BRIEF
From the first line to the last, copy the data exactly and drop the pictures.

DATA
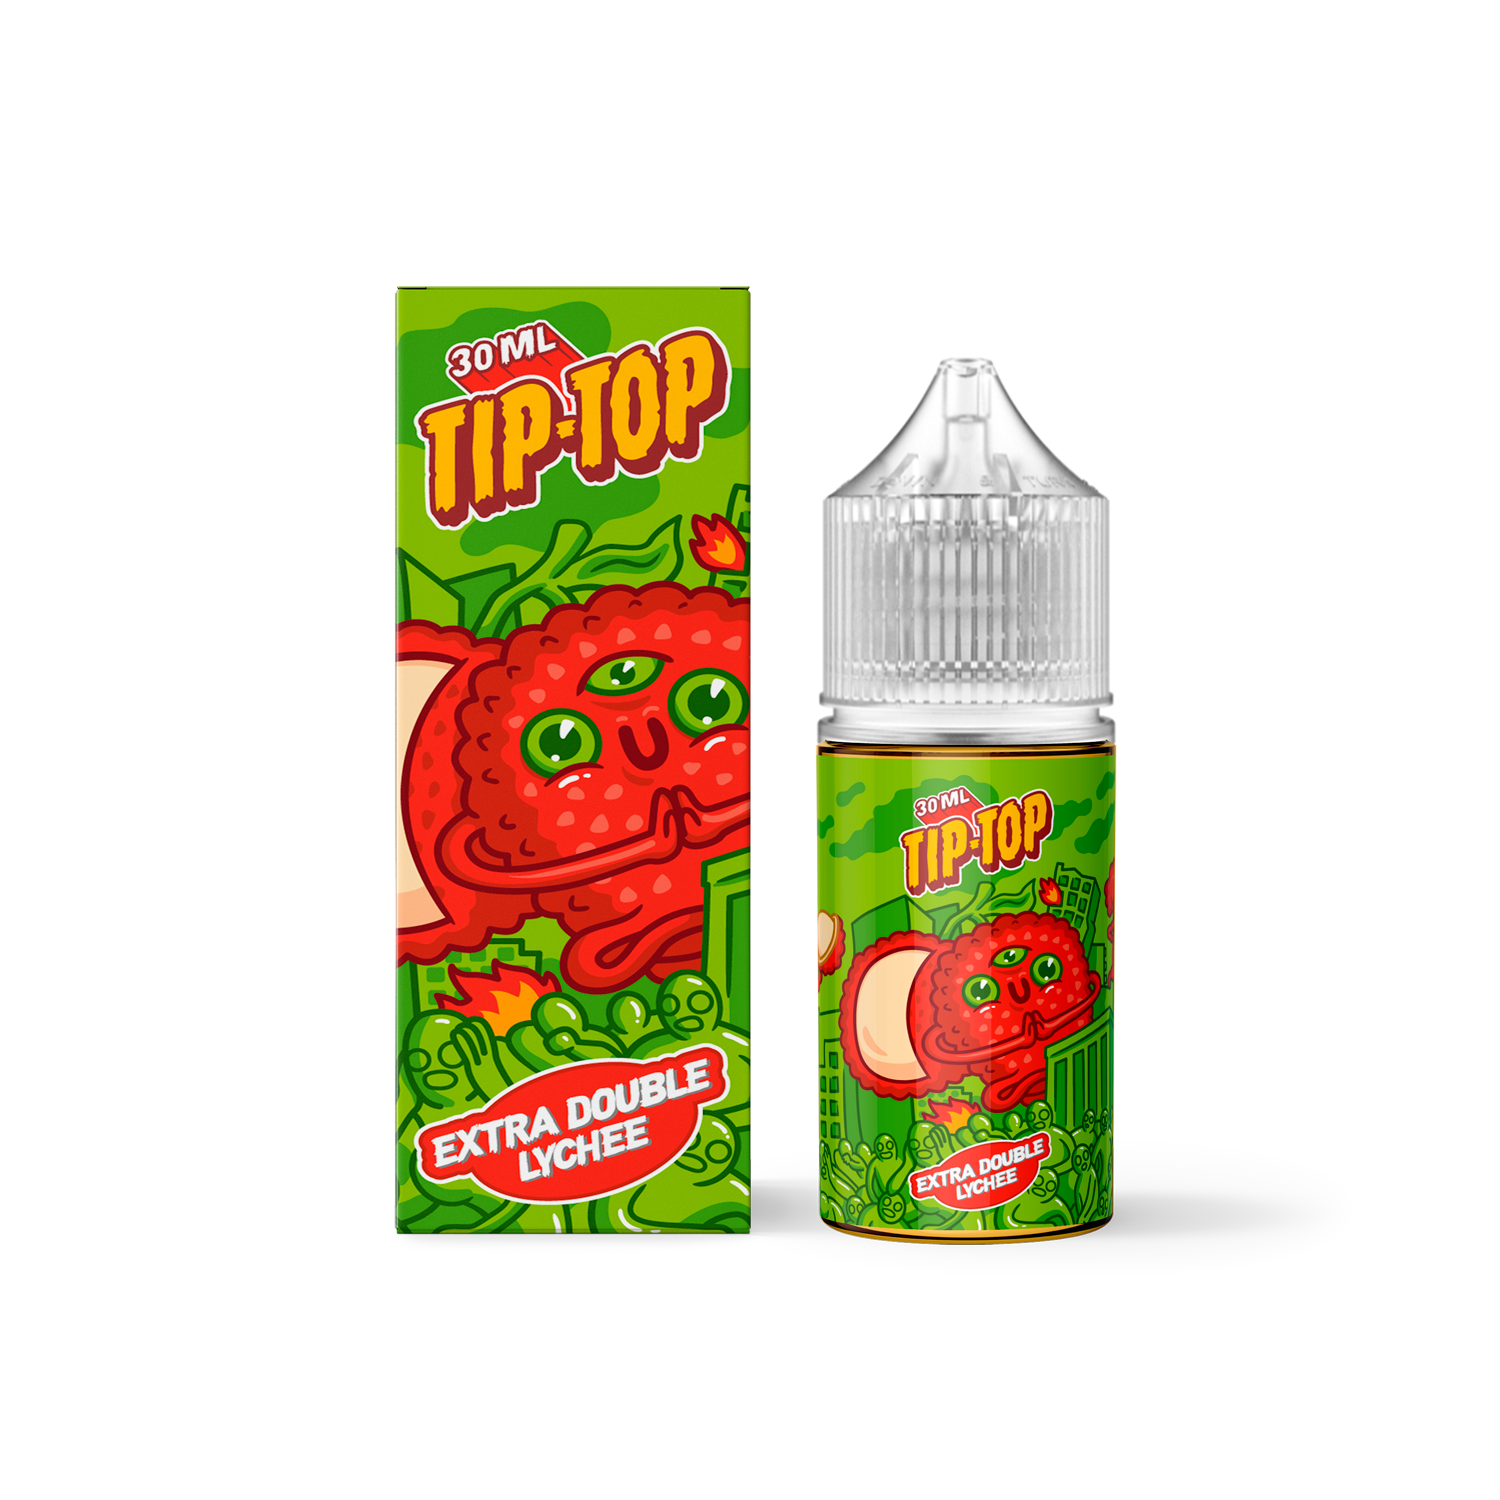 TIP TOP: EXTRA DOUBLE LYCHEE30ML 20MG
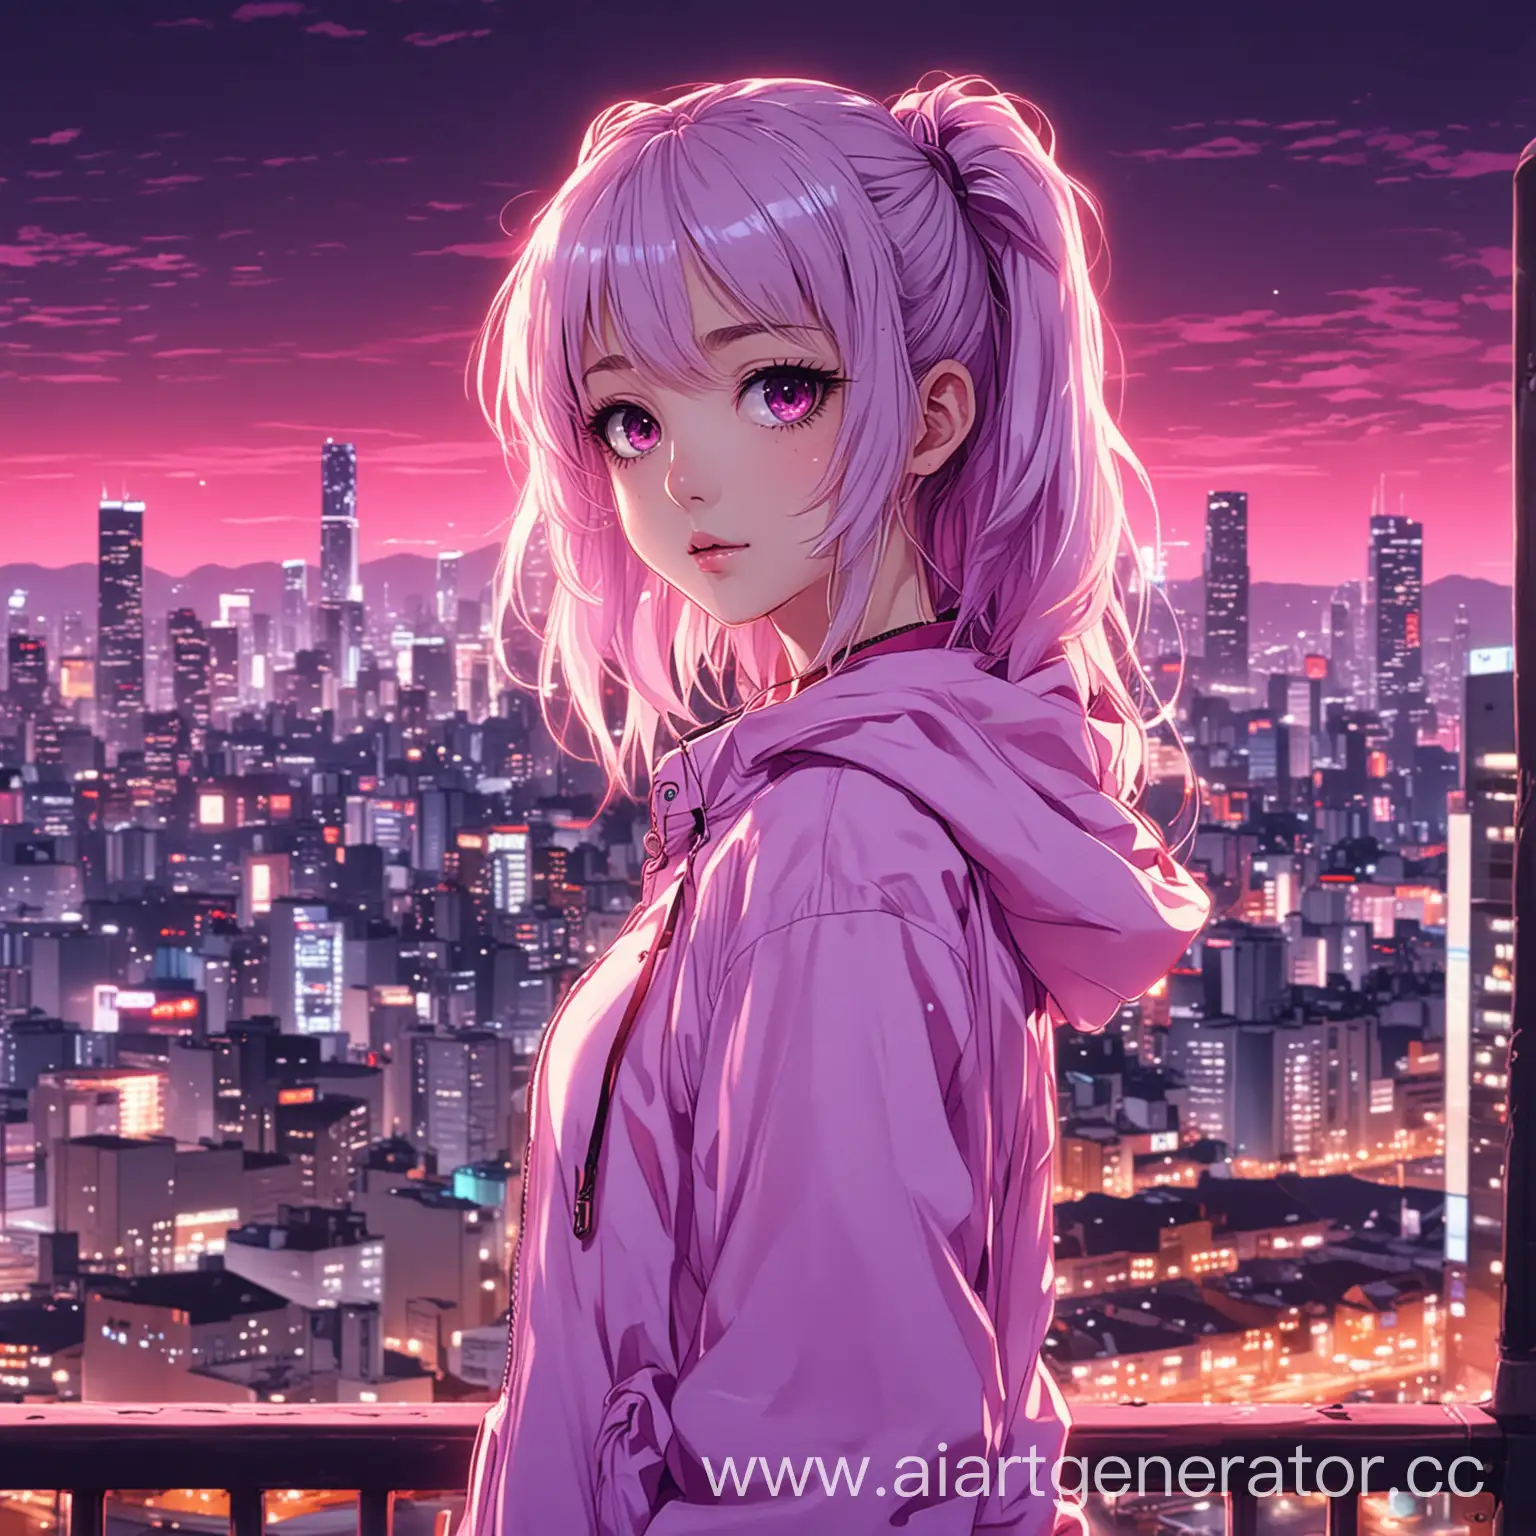 Stylish-Anime-Girl-with-Neon-Cityscape-Background-in-Pink-and-Purple
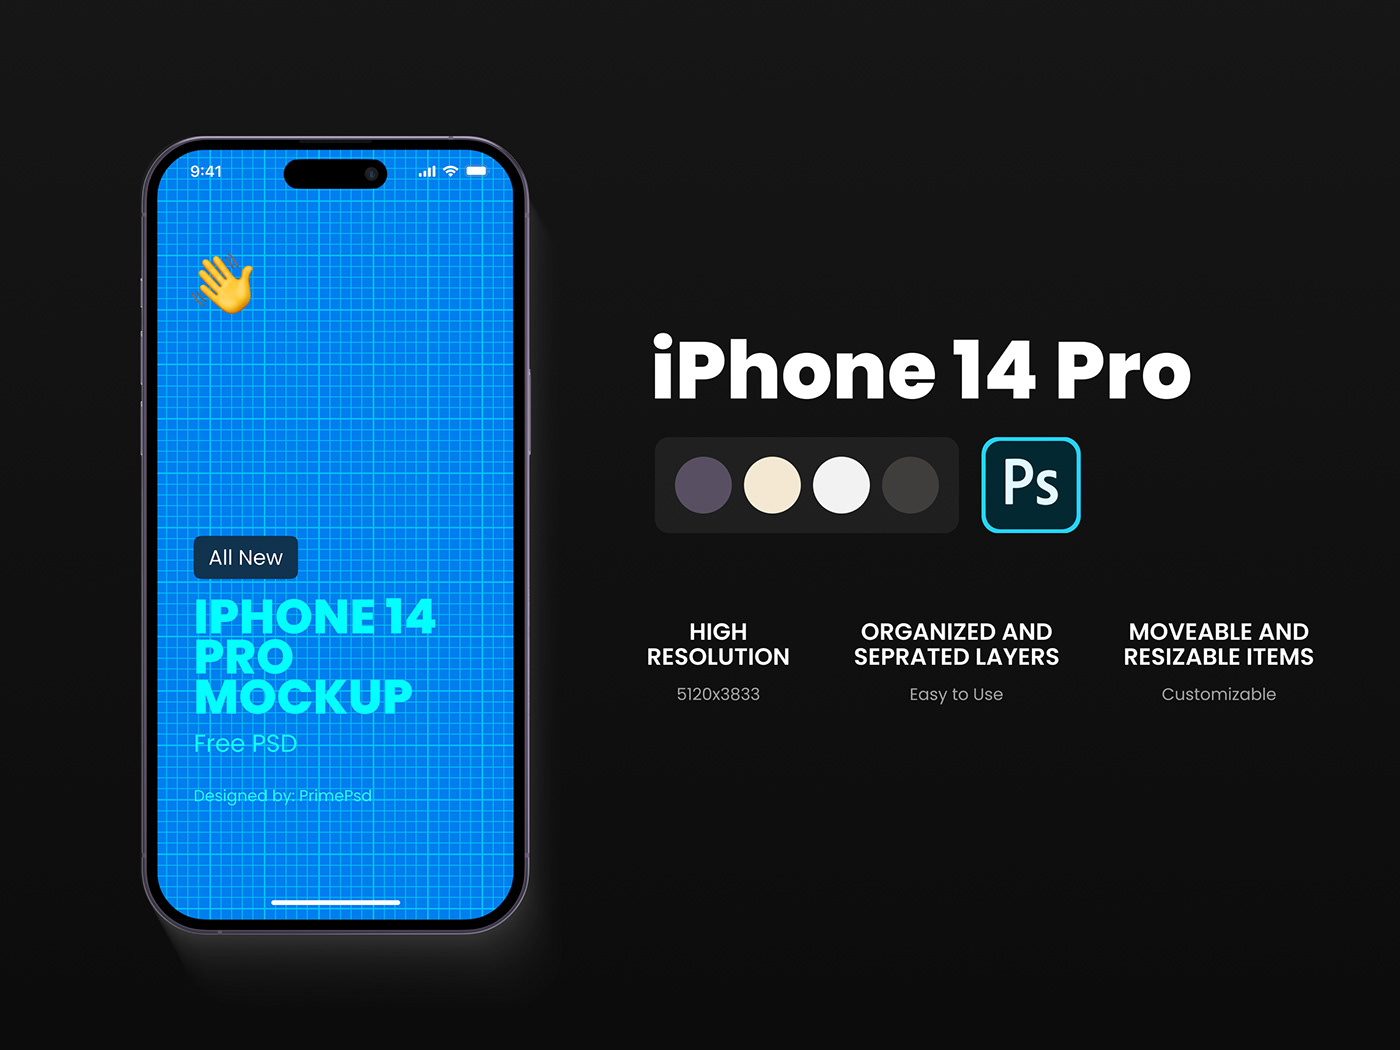 iphone 14 iphone 14 font view iphone 14 mockup iphone 14 mockup psd iphone 14 pro iphone 14 pro mockup iphone 14 psd primepsd

EXERCISE ANSWER
 TIP TOP: EXTRA DOUBLE LYCHEE30ML 20MG
 Stylish-Anime-Girl-with-Neon-Cityscape-Background-in-Pink-and-Purple
 iphone 14 iphone 14 font view iphone 14 mockup iphone 14 mockup psd iphone 14 pro iphone 14 pro mockup iphone 14 psd primepsd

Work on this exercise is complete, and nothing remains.